Es un poco extraño que este libro de Christoph Biermann llamara mi atención cuando me topé con el en la sección de remates de mi librería local. No soy, ni por accidente, un aficionado del fútbol. Los goles no me inspiran ninguna sensación sublime ni tampoco me apasiona discutir las mejores estrategias en la cancha, por lo que suelo esquivar las grandes polémicas del balón, como la reciente decisión del árbitro en el partido entre Perú y Uruguay en Montevideo.
Sobre tecnologías de información, análisis de probabilidad y la 'revolución de la data', como la llama Biermann en este libro, tampoco estaba muy enterado. Quizá fue esa doble ignorancia la que me atrajo a la posibilidad de introducirme en ambos temas a través de una crónica de las profundas transformaciones que ocurren en el paisaje deportivo en los últimos quinquenios. Este libro es un relato de un experimentado periodista sobre el advenimiento y proliferación de variopintas métricas y modelos estadísticos para hacer otorgar sentido a sets de datos y lograr predecir resultados con un poquito más de certeza frente a la "eterna predisposición del fútbol a los eventos aleatorios" (p. 187)
A lo largo del libro el autor se entrevista con varios de los protagonistas de esta revolución, llevándonos alternadamente por famosos estadios, canchas de clubs de segunda división y salas de conferencias de startups en Alemania, Inglaterra y los EEUU para presentarnos a una serie de iluminados personajes. Asi conocemos las historias de innovadores DTs y outsiders --entre académicos advenedizos, blogueros aficionados y exiliados de otros deportes más matematizados como el basket y la Fórmula 1-- dispuestos a acabar con los sesgos cognitivos que dominan las discusiones, y no pocas veces, decisiones futbolísticas.
Aunque la informacion sobre victorias y derrotas, goles acumulados, pases exitosos, tiros atajados y tiempo de posesión de pelota nunca ha sido escasa, la tabulación de estos datos no ha sido siempre esclarecedora. Hasta ahora. Contra las falaces expectativas de que un equipo ganador necesariamente repetirá el éxito con facilidad, Biermann contrapone la percepción del fútbol como un deporte "parecido al ajedrez pero con dados" (p. 46). ¿Cómo entender, entonces, el azar? Apertrechados con sensores corporales, múltiples cámaras a lo largo de la cancha y software de análisis espacial, los nuevos "hackers" tratan de dar vuelta a la incertidumbre con modelos que le otorgan nuevo sentido a la data acumulada. Así, métricas como el "Peligro Esperado" u "Oportunidades Creadas" cruzan varias fuentes de información para producir cifras que permiten cuantificar y comparar dimensiones del juego que antes podían resultas imperceptibles o confundidas en un vago sentido de suerte o incluso destino.

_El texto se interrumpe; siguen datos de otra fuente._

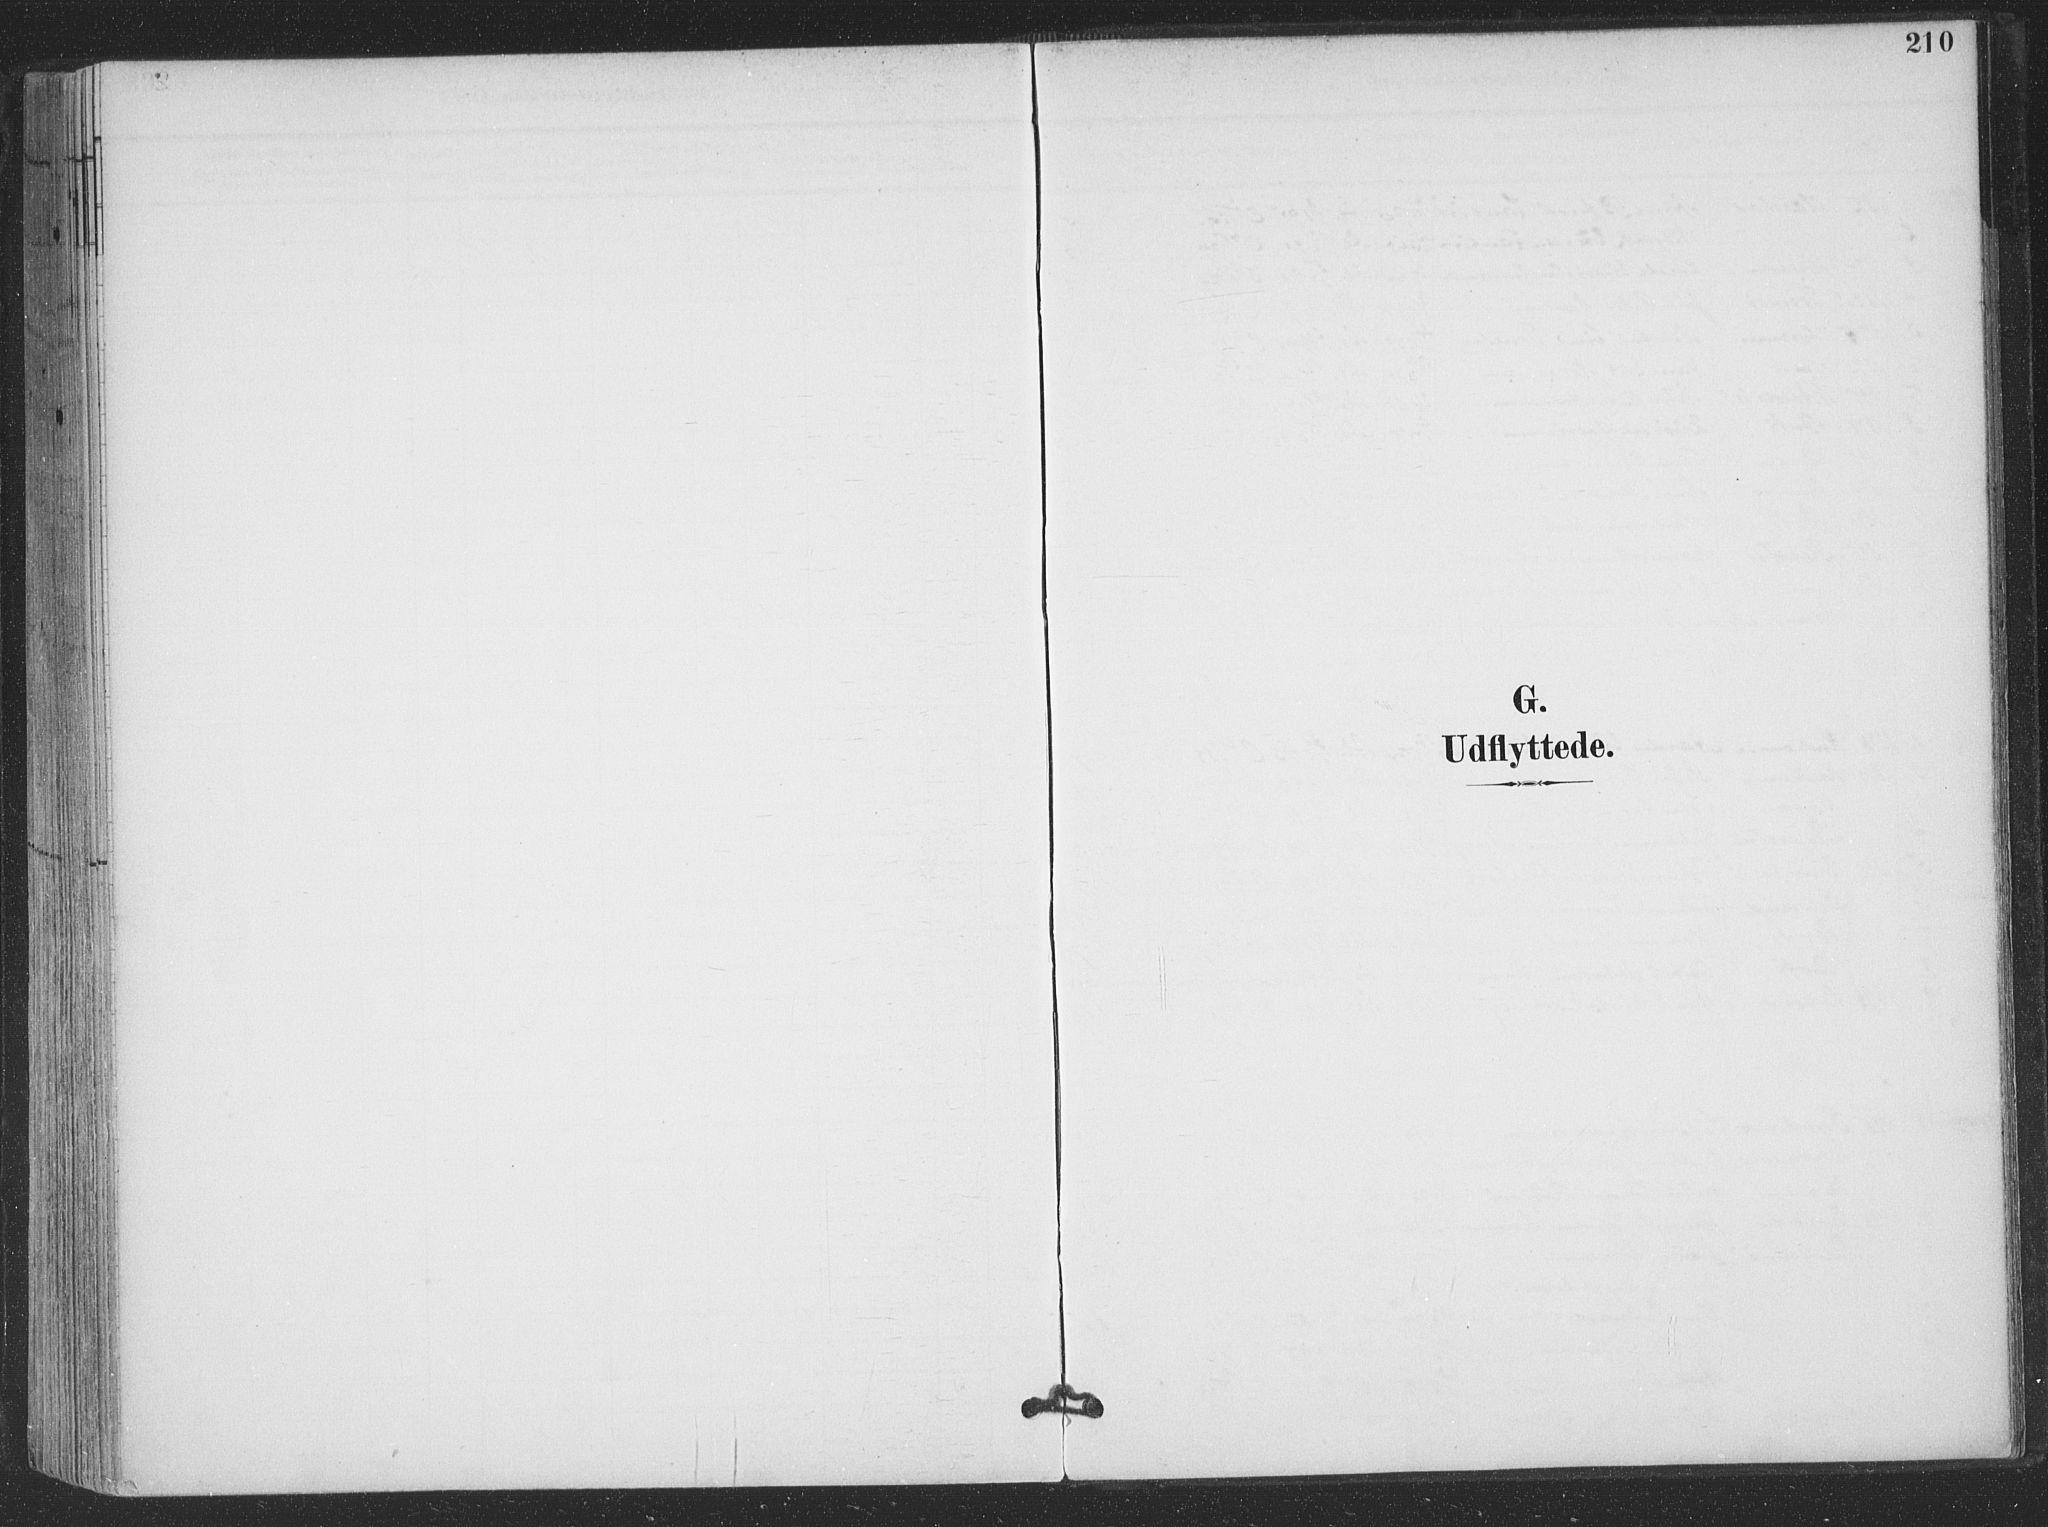 SAT, Ministerialprotokoller, klokkerbøker og fødselsregistre - Nordland, 866/L0939: Ministerialbok nr. 866A02, 1894-1906, s. 210

La métrica que más aparece en el libro es una que no sé como traducir. "Packing", inventada por el ex-jugador Stefan Reinartz es un buen ejemplo de como la data está transformando el deporte. Segun explica Biermann, packing mide la calidad de un pase a partir del número de oponentes gambeteados por un jugador determinado. Biermann nos cuenta la historia de sus origenes, así como su popularización tras ser adoptada por un popular comentarista televisivo. Al extenderse más allá de los camerines de los técnicos deportivos, las métricas han transformado no solo la estrategia de los equipos, sino también la manera en que se discute el juego entre aficionados y tahúres profesionales.
Como lección de sus observaciones y entrevistas en el campo, Biermann concluye que la data, ya sea cruda o cocida mediante estadísticos que condensan en cifras objetivas diversos aspectos del juego, no es suficiente para tomar decisiones correctas ni para juzgar con justicia a un equipo o jugador individual. Se necesita siempre del contexto para su correcta interpretacion (p. 166) y, mas que números mágicos que desentrañen el secreto final del éxito, la data debe ser utilizada como un soporte de pequeñas mejoras sostenidas en el tiempo.
En general se trata de un libro entretenido e informativo, producto de un erudito del deporte. Incluye muchas referencias a jugadores históricos y equipos de diversas ligas que los aficionados, estoy seguro, reconoceran inmeditamente. Por mi parte, lo encontré a veces un poco excesivo en su recurso a la anécdota. Podría haber sido editado un poco más, ya que algunos capítulos son excesivamente largos y contienen muchas digresiones que distraen del tema central.